The thing about this piece that meant nothing to me is that, at some point, it started to mean something.  I’m sure that Linda is right now staring at her computer screen rolling her eyes and that the first words she utters to me will be “Hon, It always meant something,” because she’s pushy like that.  She may even feel compelled to remind me that, at the beginning of this, tapping into the vein that allows me to write the only kind of interpersonal relationship I’ve ever really understood or felt comfortable in also meant tapping into a lot of regrets, a lot of things I miss, and a lot of things that completely ruined my life.  But I’ll at least argue that the thing didn’t take form until I scribbled a something on the cover of a composition notebook full of disconnected pieces and handed it to a friend at the close of a surprise encounter.

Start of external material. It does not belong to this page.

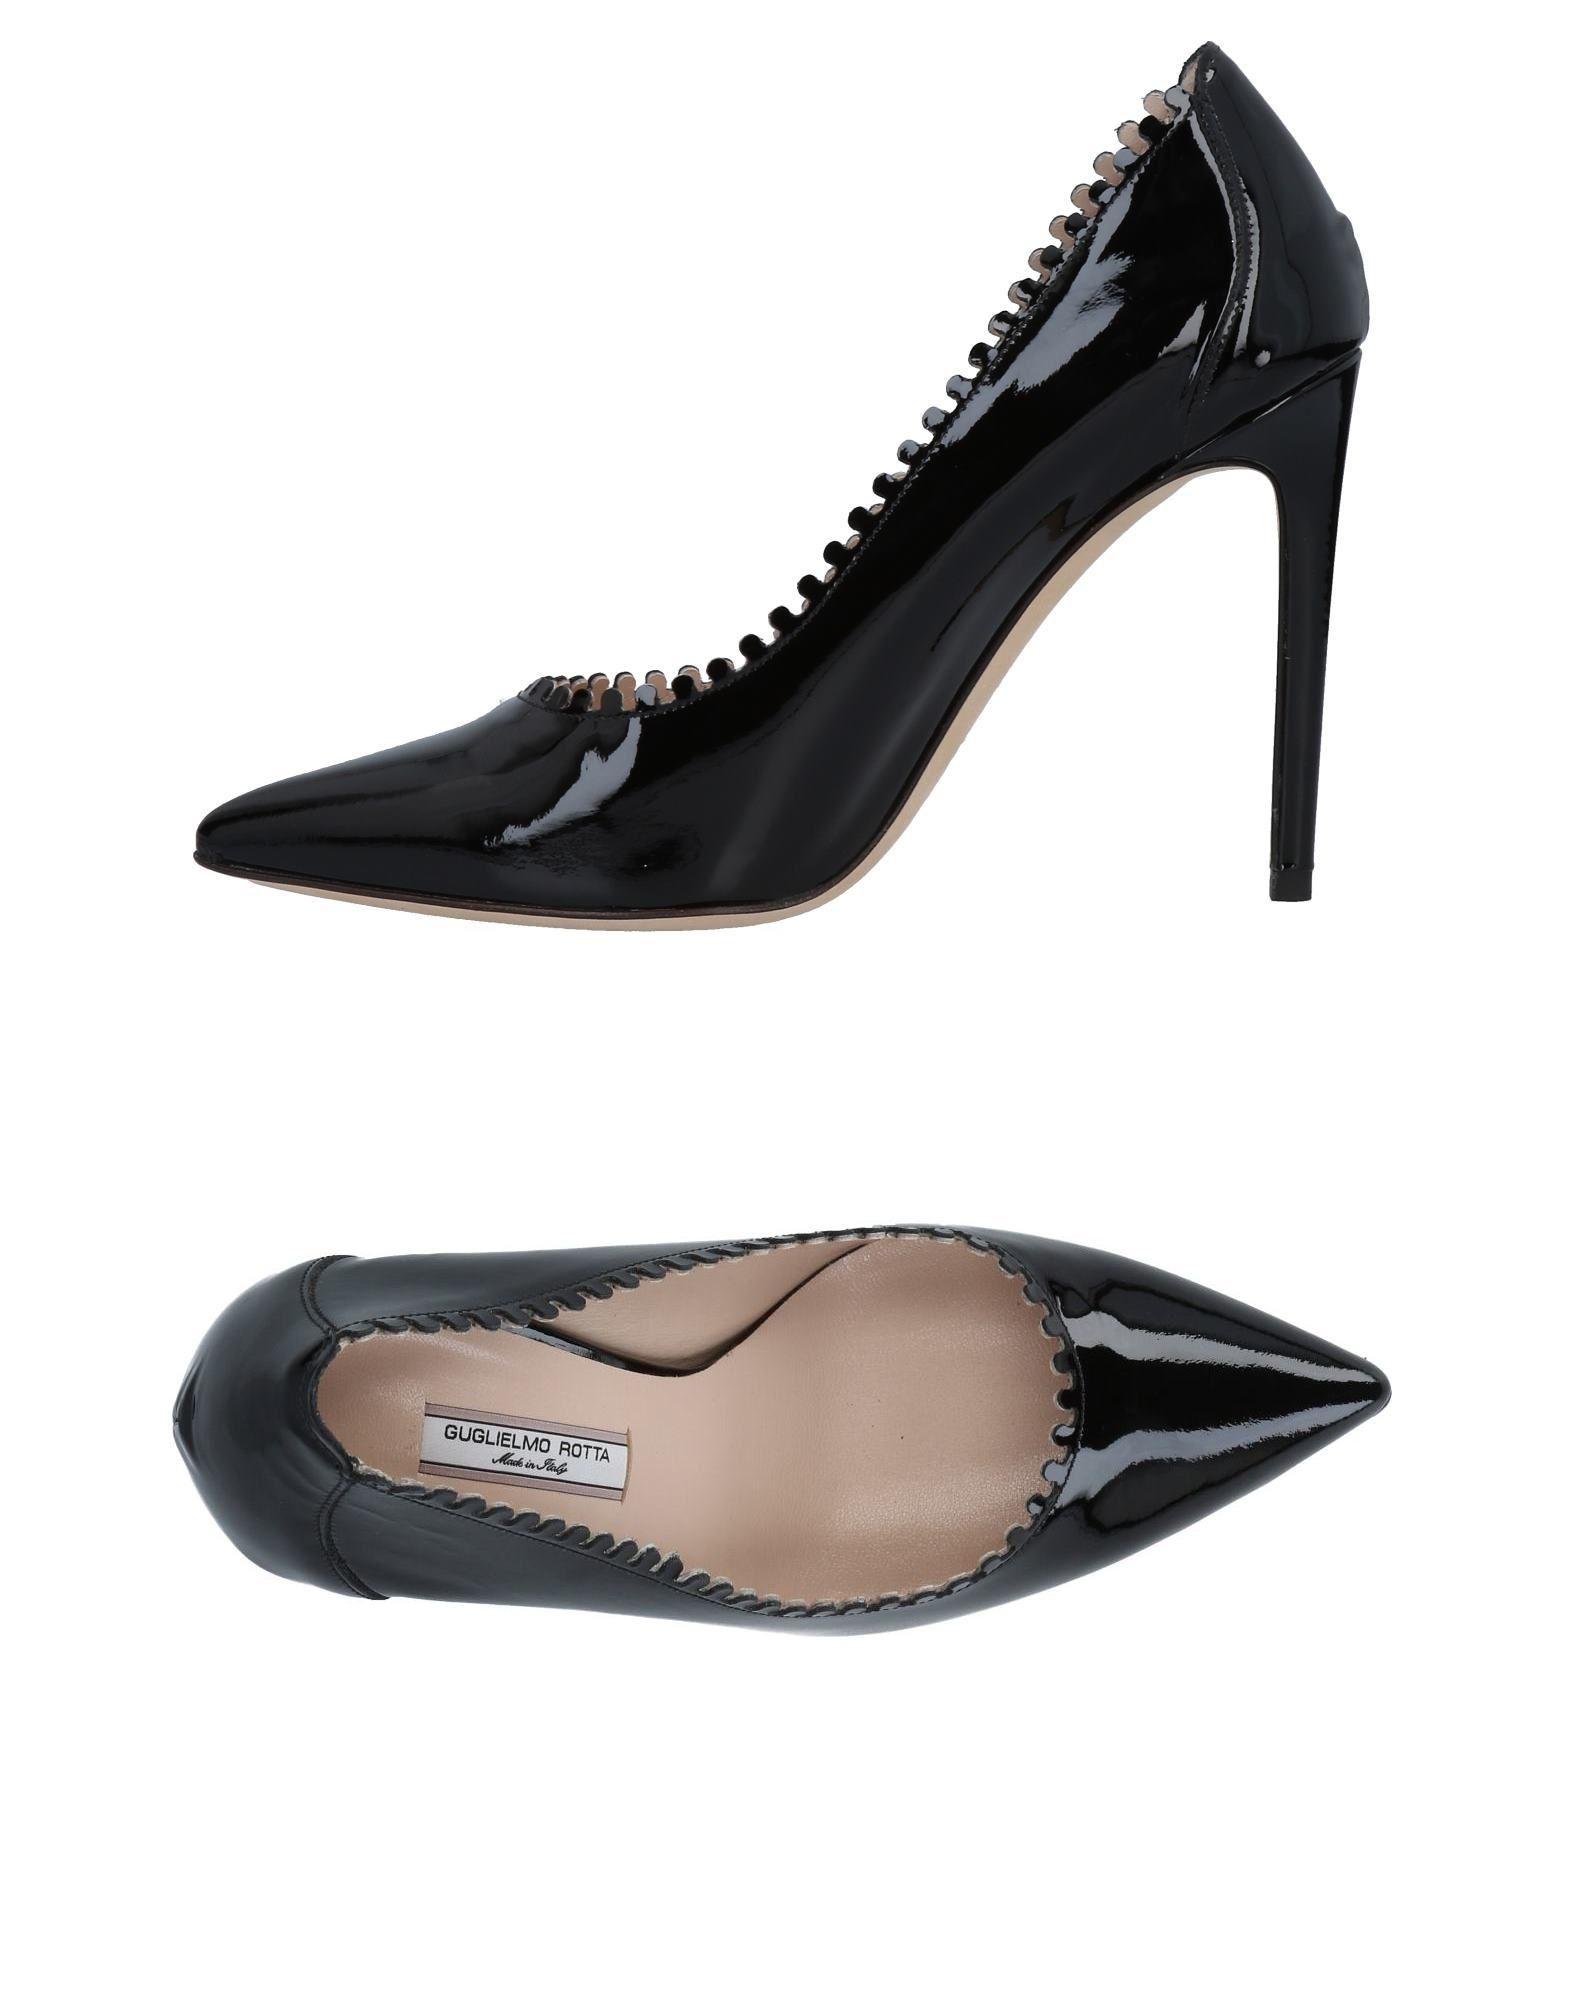 Guglielmo 11474428XT Rotta Pumps Damen  11474428XT Guglielmo Gute Qualität beliebte Schuhe e4b8b6

I’d lie and say I don’t know why I did it, but I do - and I bet you a dollar, you probably do to.  Either way, the over-riding header since that day, the thing I’ve been repeating as I get stuck has been “To the man who taught me nothing but meant absolutely everything, this will never be any good, but it will always be honest.”  

As I’ve struggled for honesty, not just with the writing but with myself as well, its impossible to deny that this story cannot have a happy ending.  No, it’s not just because I’m to afraid to contemplate that any of them could have - I’ve spent a lot of dark hours contemplating that, I’m pretty clear on the answer.  It’s that, no matter how good people can be together, it doesn’t make them good for one another.  It’s that the honest ending, the honest ending can’t be that simple.  

Of course, don’t ask me how I’ll get through the next thirty thousand words without the promise of a happy ending...and don’t ask me what will keep me writing them because the only thing I can really say is that I promised they would always be honest and now all of a sudden, I feel an immense sense of responsibility.